Va detto che si possono avere degli attacchi di panico e non avere il disturbo di panico, dal momento che un attacco può rappresentare un episodio isolato o derivante da una causa specifica come un evento drammatico, l’assunzione di droghe, o da altra patologia come il disturbo ossessivo compulsivo (Doc).

Il disturbo di panico si caratterizza per il ripetersi degli attacchi e soprattutto per la costante preoccupazione della persona colpita di poterne avere di nuovi, evitando di fare cose o di trovarsi in luoghi, con la paura di morire per un attacco di cuore o anche impazzire senza controllo.

Trattamento

Quando l’attacco di panico non viene adeguatamente trattato può trasformarsi in disturbo di panico.

Le soluzioni terapeutiche possono essere soprattutto la psicoterapia e i farmaci, sia in alternativa o anche in modo contemporaneo, entrambi utili ad attenuare i sintomi e a diminuire la frequenza degli attacchi, migliorando la qualità di vita. L’opzione terapeutica può essere riferita all’orientamento del medico curante sulla tipologia del problema, ma anche dal carattere del paziente, o da fattori contingenti da considerare nella scelta.

Nell’ambito del trattamento con psicoterapia un posto di spicco lo occupa la terapia cognitivo-comportamentale che propone al paziente di fare esperienza diretta con i sintomi ricreandone i percorsi, cosi da sdrammatizzarne gli effetti, fino a non avvertirne più la pericolosità nel corso di un trattamento che può richiedere anche diversi mesi.

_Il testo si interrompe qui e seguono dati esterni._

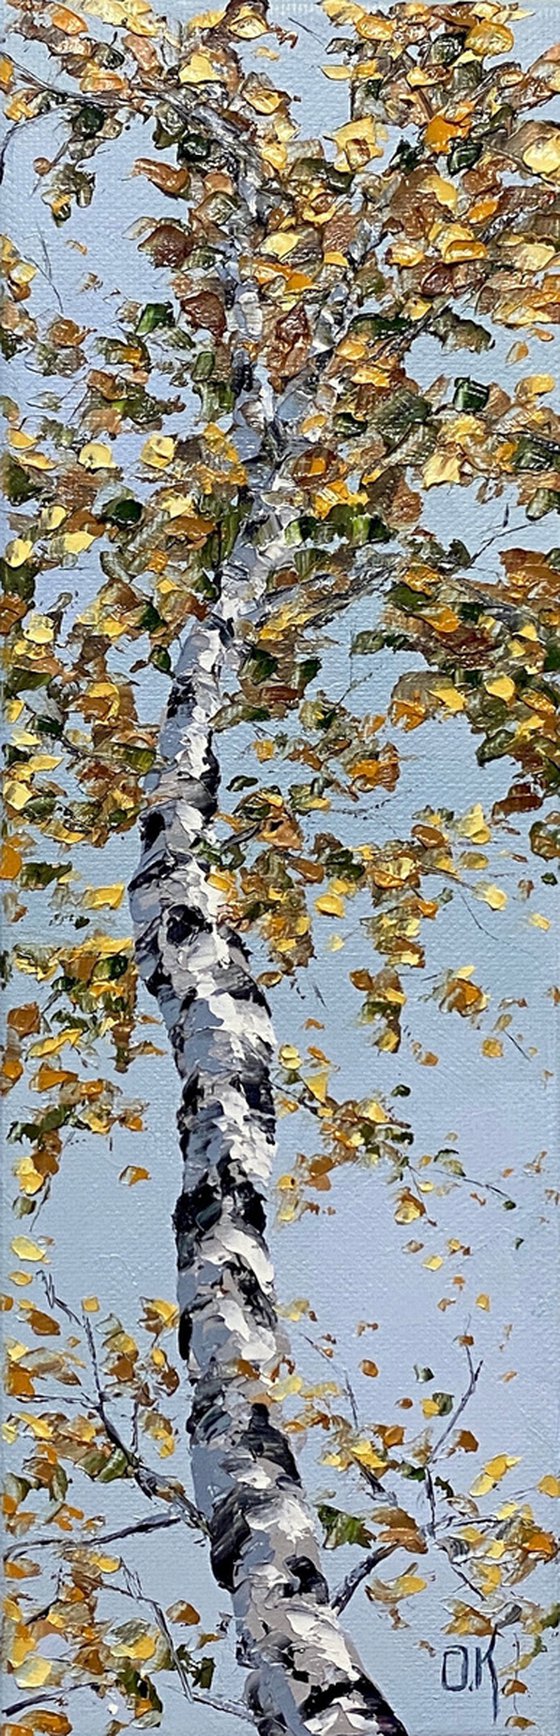 Birch in the sky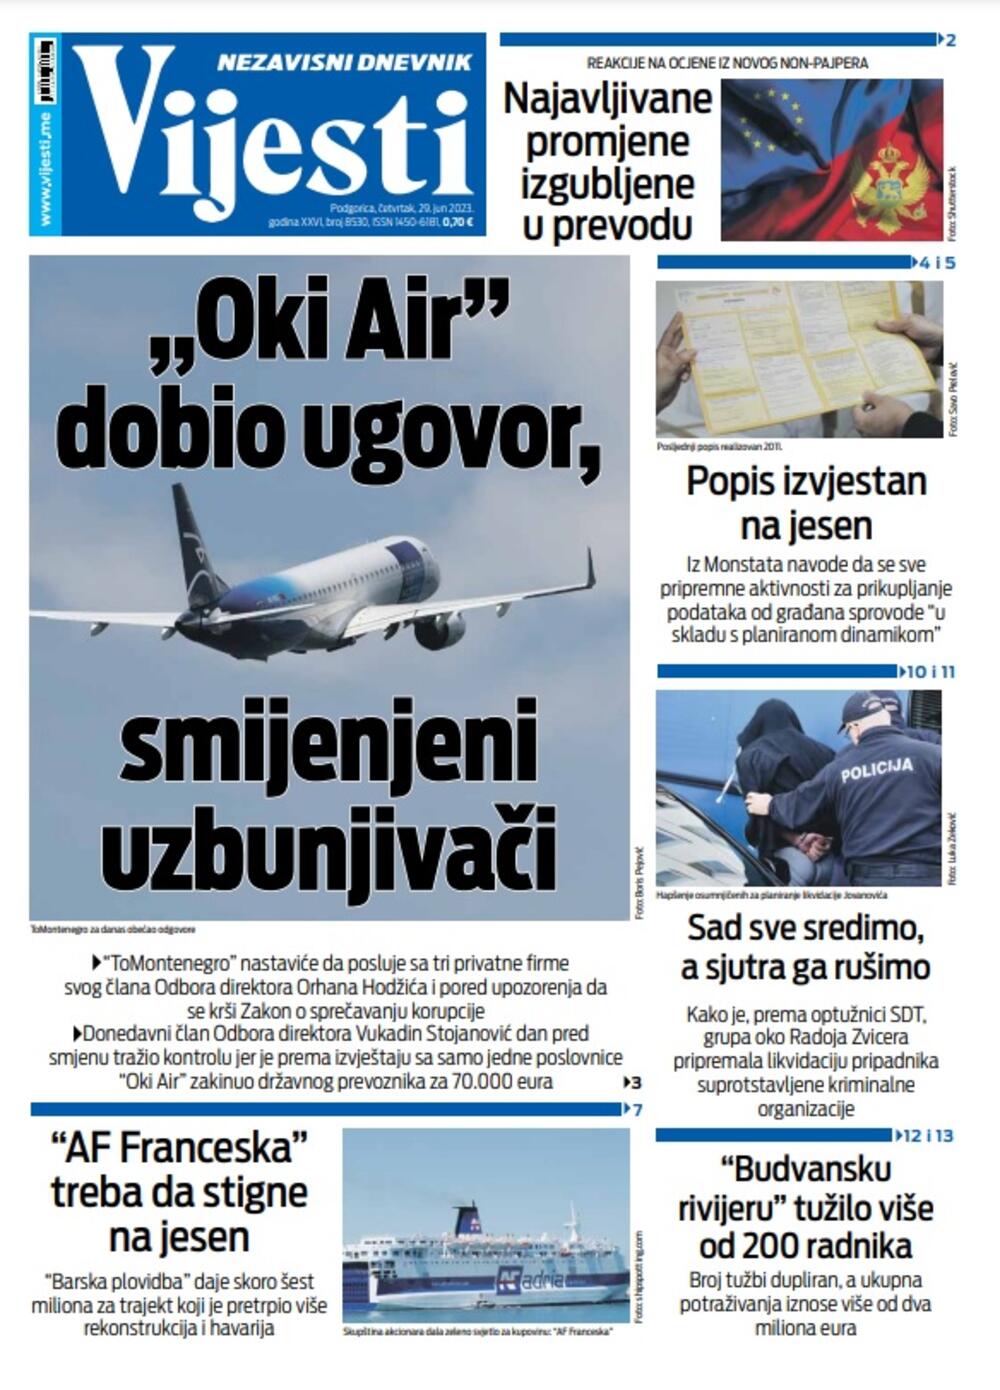 Naslovna strana "Vijesti" za 29. jun 2023., Foto: Vijesti

I farmaci si sono dimostrati efficaci nel ridurre i sintomi degli attacchi di panico, ed anche della depressione nei casi di presenza di entrambi i disturbi. Tra questi:

  • gli antidepressivi SSRI ( inibitori selettivi ricaptazione serotonina), giudicati come farmaci efficaci nel trattamento degli attacchi di panico.
  • le benzodiazepine (es. Alprazolam), che sono dei sedativi generalmente somministrati solo per periodi brevi, essendo farmaci che possono portare assuefazione e poi dipendenza, oltre che possibili interazioni con altri farmaci dando luogo a effetti collaterali.

In genere tutti i farmaci comportano degli effetti collaterali, per cui il medico sceglierà quello più adatto.
I tempi del trattamento dovranno essere estesi a più settimane in modo da consentire al farmaco di avere il suo effetto.

Stile di vita

È bene, come prima regola, attenersi alle prescrizioni terapeutiche e alle raccomandazioni del medico curante.

È consigliabile, ove possibile, frequentare dei gruppi di supporto in modo da confrontarsi con altre persone con il medesimo problema.

  • Non assumere bevande alcoliche e caffeina, evitando ogni tipo di droga e il fumo di sigarette, tutti elementi in grado di acuire i sintomi della malattia.
  • Utilizzare delle tecniche di rilassamento come lo yoga o il rilassamento muscolare, molto efficaci nel combattere i vari sintomi.
  • Dormire il numero di ore che basti a sentirsi calmi e rilassati.
  • Praticare attività fisica per sentirsi attivi e di umore migliore.